Branching Out with The Compost Collective

The Forest Hills Eco-Mural Site

Public art is a gift for the masses, and another most meaningful gift is a collective power to maintain the environment. In the coming months, a fusion of the two will take root through the “Voices on the Wall: The Forest Hills Eco-Mural,” where community residents can not only vote for the earthy imagery, but paint with Forest Hills’-own and citywide artist ErinKelli Kilbane and The Compost Collective. Adjacent to the organization’s gardening site is a 180-foot by 18-foot white stone wall that spans an abandoned trestle on Yellowstone Boulevard and Kessel Street. Throughout this summer, it will be transformed into a community beacon and a destination, fostering further environmental stewardship. 

Community members can complete a Google form to shape the content of the mural: as well as follow on Instagram @thecompostcollectivefh and @erinkelli_k for updates. Anyone who is at least nine years of age (accompanied by a parent) can paint, and no experience is necessary. On weekends in July and August from 12 PM to 2 PM, teaching artists will guide participants on site.  

Over a decade ago, the highly beneficial nonprofit, The Compost Collective, embarked on a mission to empower our community through sustainable environmental practices and environmental education. The core team is comprised of longtime Forest Hills residents Carlos Pesantes, his wife Renee Rivera, and Maritza Navarro, and they are routinely joined by hands-on volunteers.

“As The Compost Collective grew during the pandemic and foot traffic increased nearby, the blank canvas became more obvious, and the opportunity to create something beautiful increased,” said Rivera. They all drew from the pandemic’s stress. “No one in our community was spared. We wanted to celebrate coming out of darkness, and the light at the end of the tunnel that kept us moving forward,” added Pesantes.  
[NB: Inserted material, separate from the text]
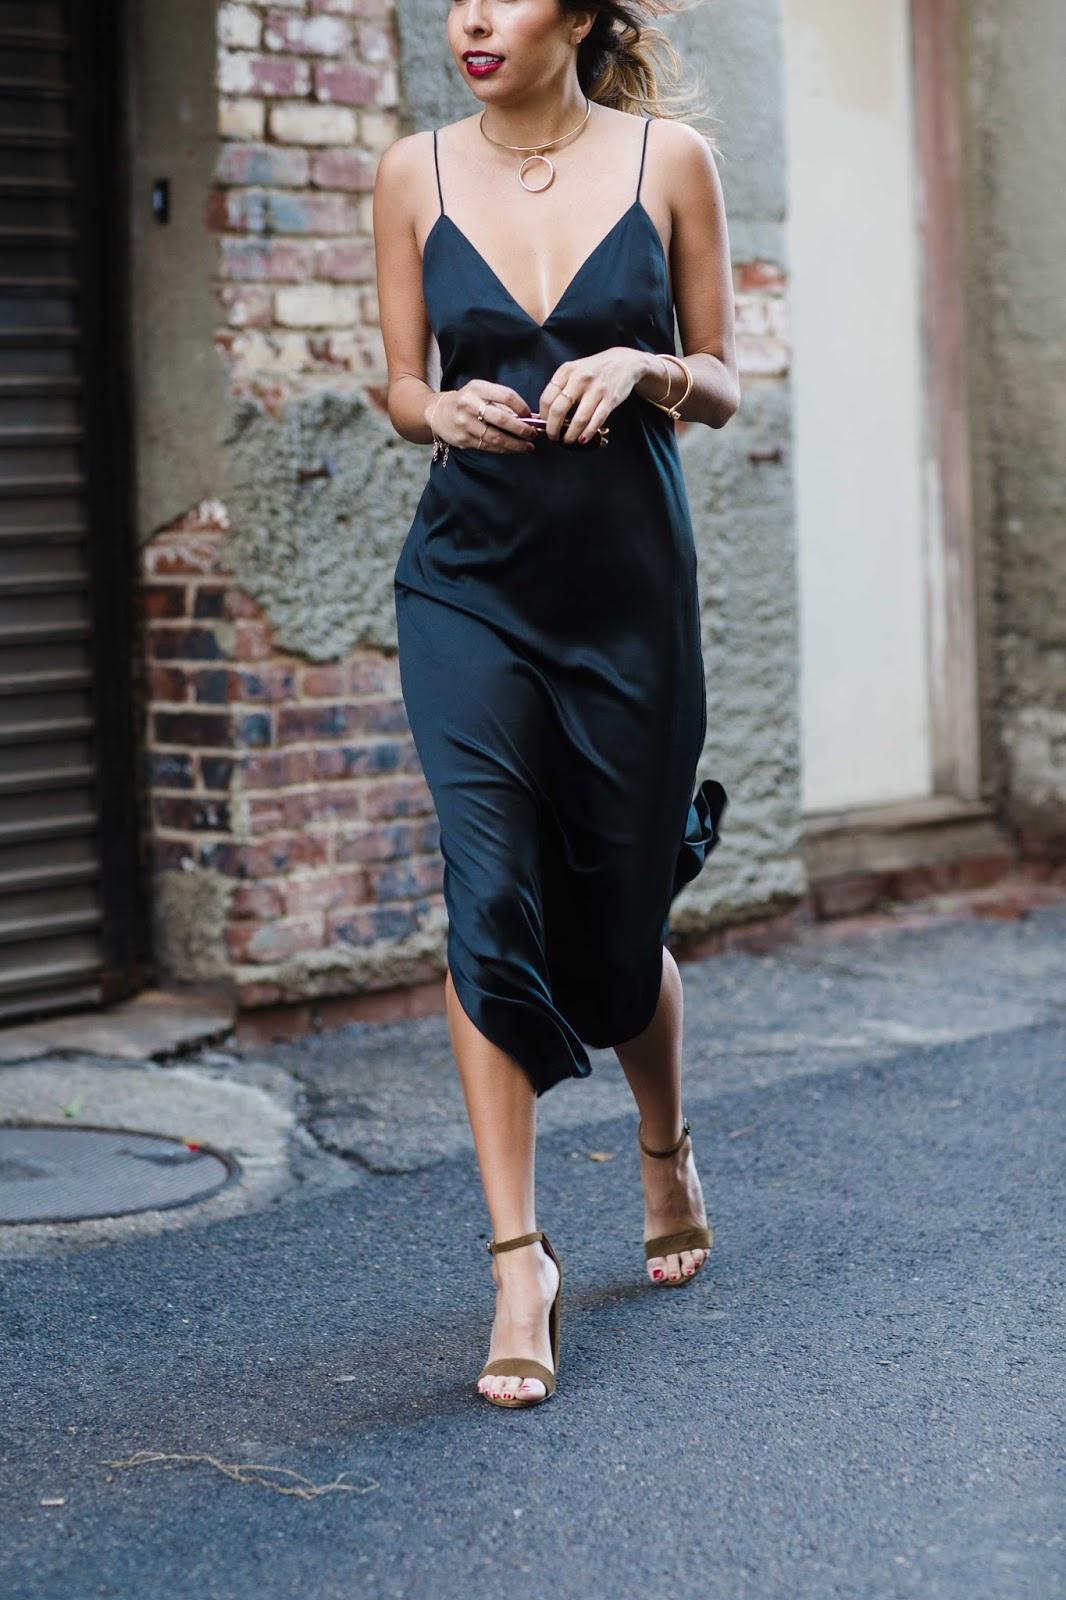 how to wear a slip dress, ways to wear a slip dress, slip dress styles, slip dress for summer

“Beyond the planned mural’s transformative artistic beauty, its social impact will aim to promote interconnectedness through the arts, encourage environmental awareness, and bring attention to The Compost Collective as a local resource,” said artist ErinKelli Kilbane. By showcasing visual messages, she feels that the mural has the power to educate residents on local environmental challenges and actionable solutions. “Through the online survey, the community will share their thoughts for the mural’s images and messages,” she said.   

Outdoor acrylic house paint will be used, and to date, the wall has been primed. The etched stone marker bearing “1908” will be preserved, and Kilbane and The Compost Collective will continue to maintain greenery near the wall.  

Rivera and Pesantes shared their vision for the mural. “It will convey the present surroundings and our hopes for a healthy and balanced environment in our strong community,” she said. The collective features an apiary, a hen house, coop and run, and offers vermi-composting. “Perhaps the artist will bless us with some representation of these. We also want to celebrate life, so perhaps there will be vivid, happy colors. We hope to create something inspiring, and in the long-term, we hope to produce a sustainable platform for education, the arts, and the enrichment of our community,” said Pesantes.   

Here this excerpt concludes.